When the Queen tested positive for Covid at the age of 95, it made headlines around the world.
Buckingham Palace initially said she would carry on working but was soon forced to concede she needed rest and cancelled a series of virtual engagements.
Now, royal observers are speculating whether the monarch will ever return to full duties. While they dismissed the idea of her voluntarily relinquishing her core duties, respected authors and academics said the days of walkabouts and meet-and-greets could well be over for the Queen.
The royal author Penny Junor said: “I think she still feels there’s life in her yet. I think she enjoys what she does and, so long as she is fit enough, she will carry on doing light duties. But I don’t think we will see her going back to travelling the country on a weekly basis and doing quite so many receptions and live engagements.
“She is about to be 96. That is a very, very good age. And she’s remarkable for that age, physically. But I think she is getting frailer, inevitably, and the fact she stepped back from one or two duties before she got Covid – before the Cop26 conference – I think that was really her acknowledging that to be running around like a 65-year-old when you’re 95 catches up with you.”
Instead, Junor suggested the monarch might continue to hold many engagements via video link in future to lighten the burden. “There would be huge disappointment if she disappeared from view. People want to see a familiar face, a comforting face, a reassuring face. And if that’s on the end of a video call, then so be it. She’s put out some very powerful messages via video link,” Junor said.
The Queen appeared to have recovered well from Covid when she appeared in two virtual audiences with foreign ambassadors on Tuesday, nine days after catching the virus that affects older people more seriously than the young. She spoke to three foreign diplomats from her home at Windsor Castle.
She has also been facing personal trauma after the loss of her husband, the Duke of Edinburgh, last year and the stress of her son Prince Andrew facing, then settling, a sexual assault case filed against him in the US. Andrew has denied any wrongdoing.

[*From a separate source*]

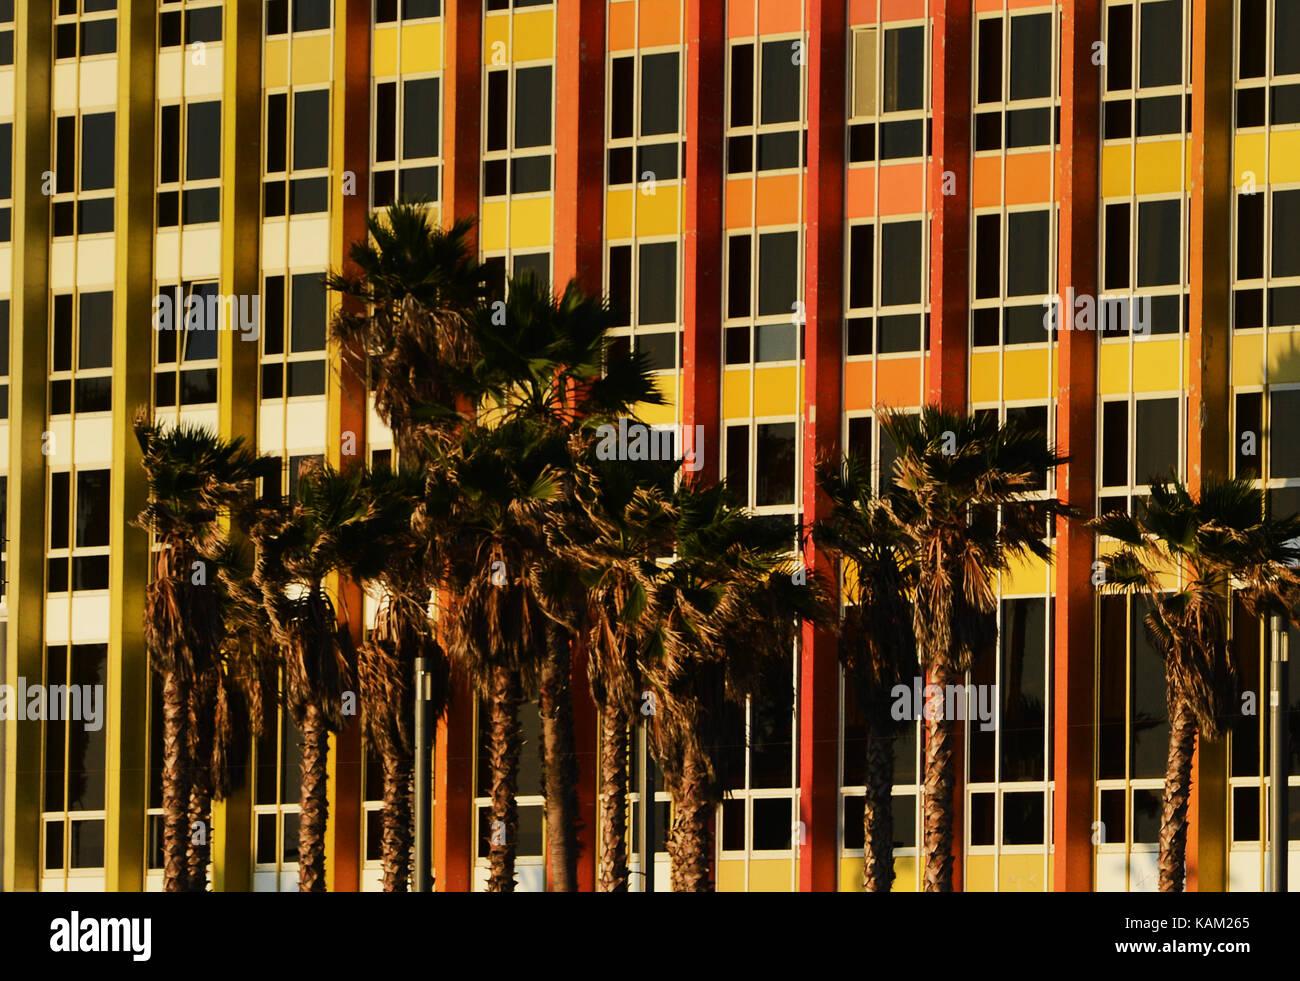 Dan Hotel in Tel Aviv, Israel. - Stock Image

The settlement spared him the potential humiliation of giving evidence in a trial and protected the royal family from further reputational damage.
The campaign group Republic said that, should the Queen find herself unable to carry on, she should step down – like anyone else no longer able to do their job – and be replaced by an elected head of state.

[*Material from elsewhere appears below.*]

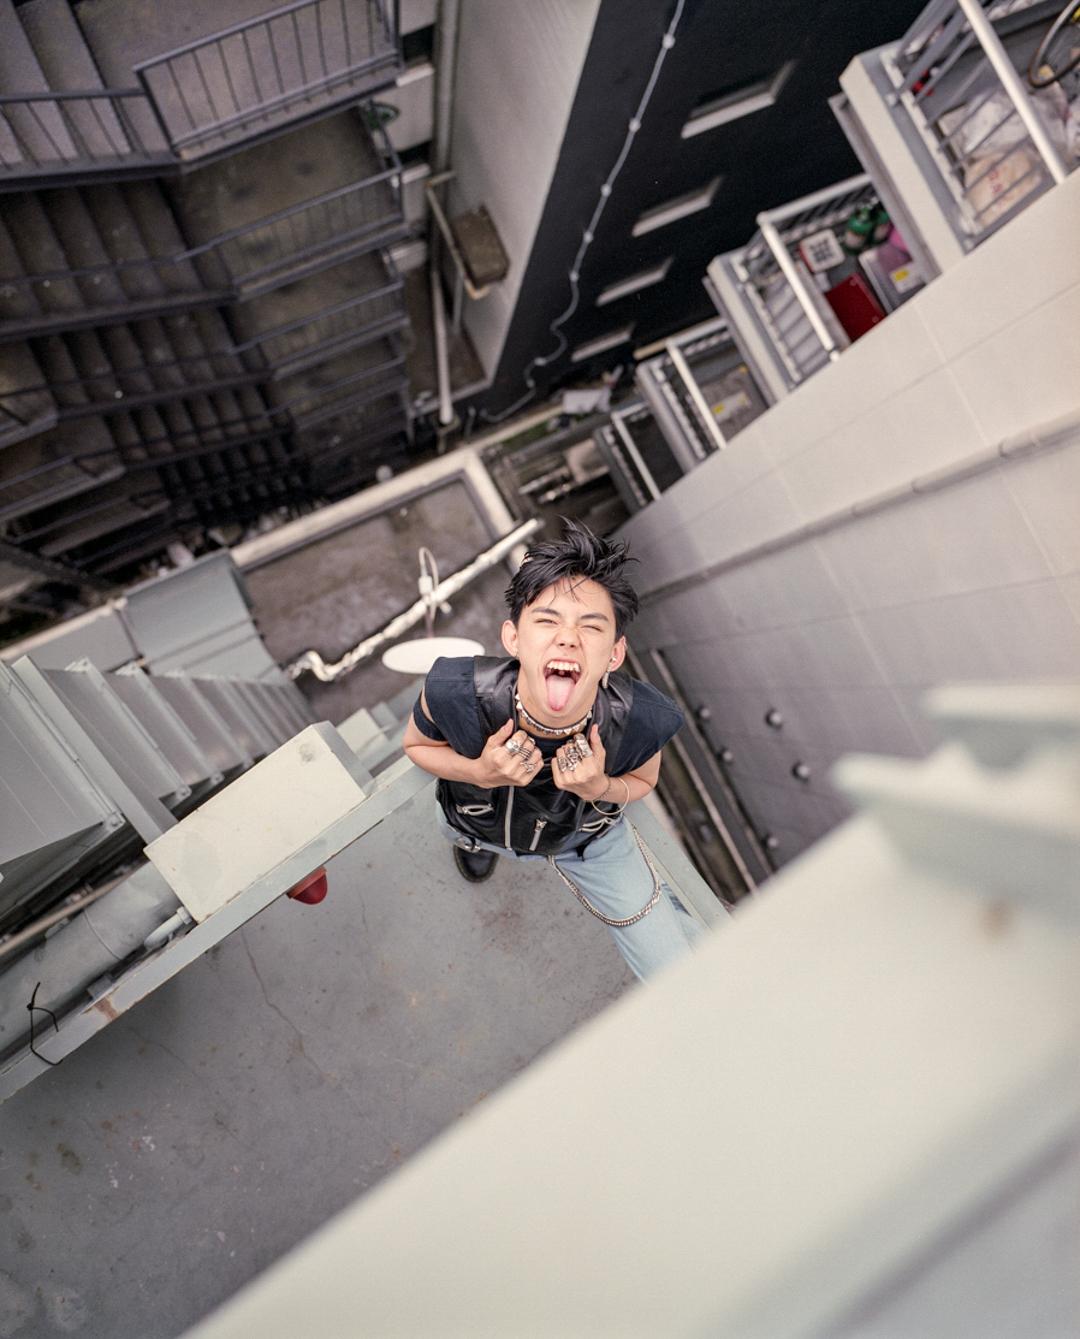 Shota having fun in Harajuku

However, Junor was joined by Prof Vernon Bogdanor, an author, political scientist and expert on the British constitution, and Joe Little, the managing editor of Majesty magazine, in her belief that there would be no circumstances short of death or loss of mental capacity under which they could see the Queen relinquishing her duties – though all three said it was quite possible those duties would no longer be carried out face to face.
Little said he believed she would continue with public engagements, but said that how she approaches those planned for coming weeks would indicate how she was likely to see out her reign.

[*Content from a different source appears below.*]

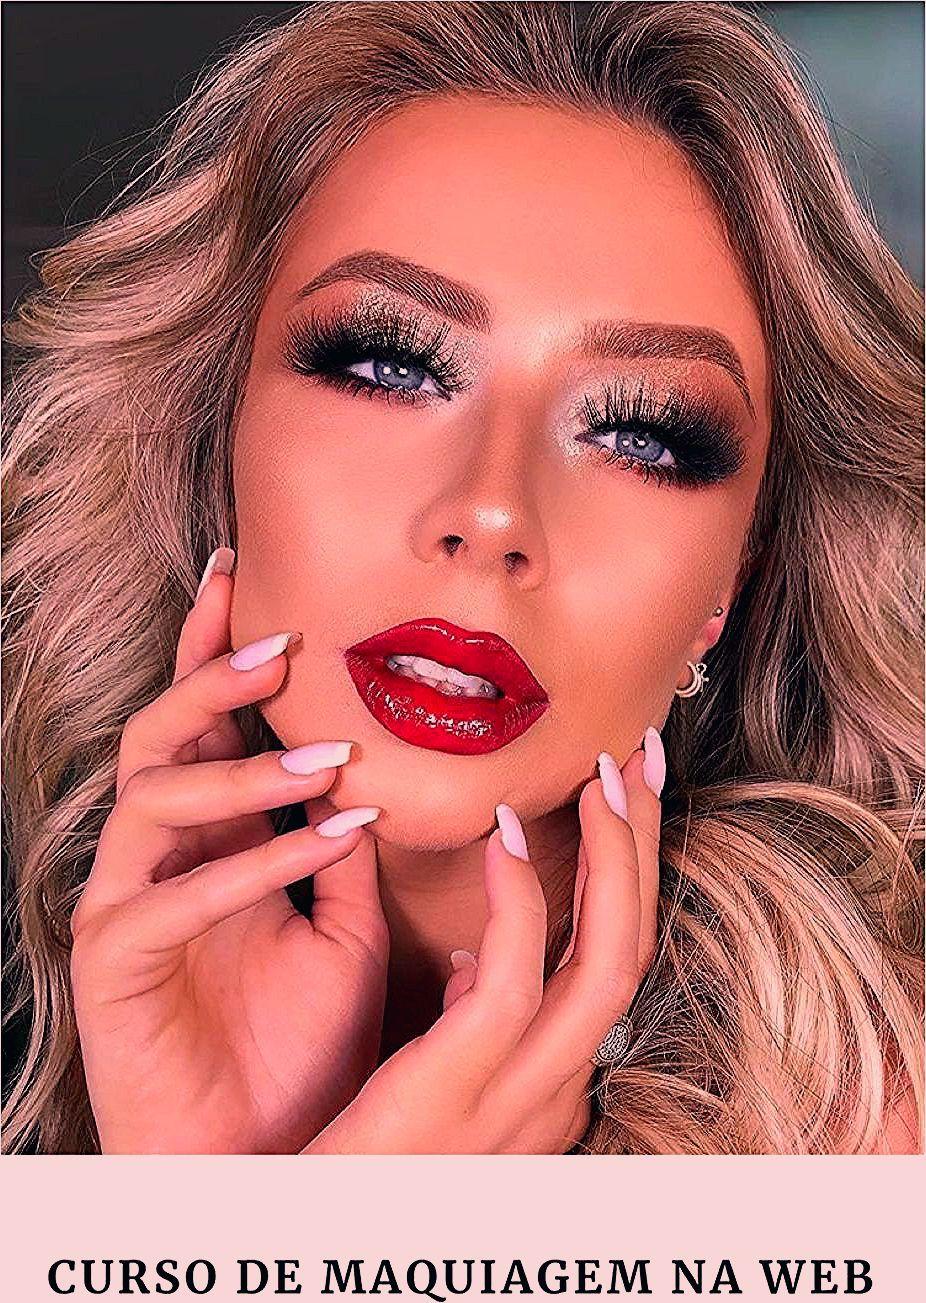 Quer ser uma maquiadora de sucesso?clica aqui 👇🏻 e fale comigo!

“The way Buckingham Palace have phrased it when announcing the programme for March is these are engagements that the Queen hopes to attend. So there’s no commitment, there’s an element of flexibility there that she will if she can.
“I would guess this is how it’s going to be for the remainder of her reign; it will depend on the Queen’s health as to how much is arranged for her publicly.”
He added: “Of course, she has not really been seen in public for two years [amid the Covid pandemic]. There have been occasional outings. But, on a grand scale and the way that she would normally have been seen, we’ve had to rely on TV messages. So she is very keen to be seen again. Whether that is possible remains to be seen.”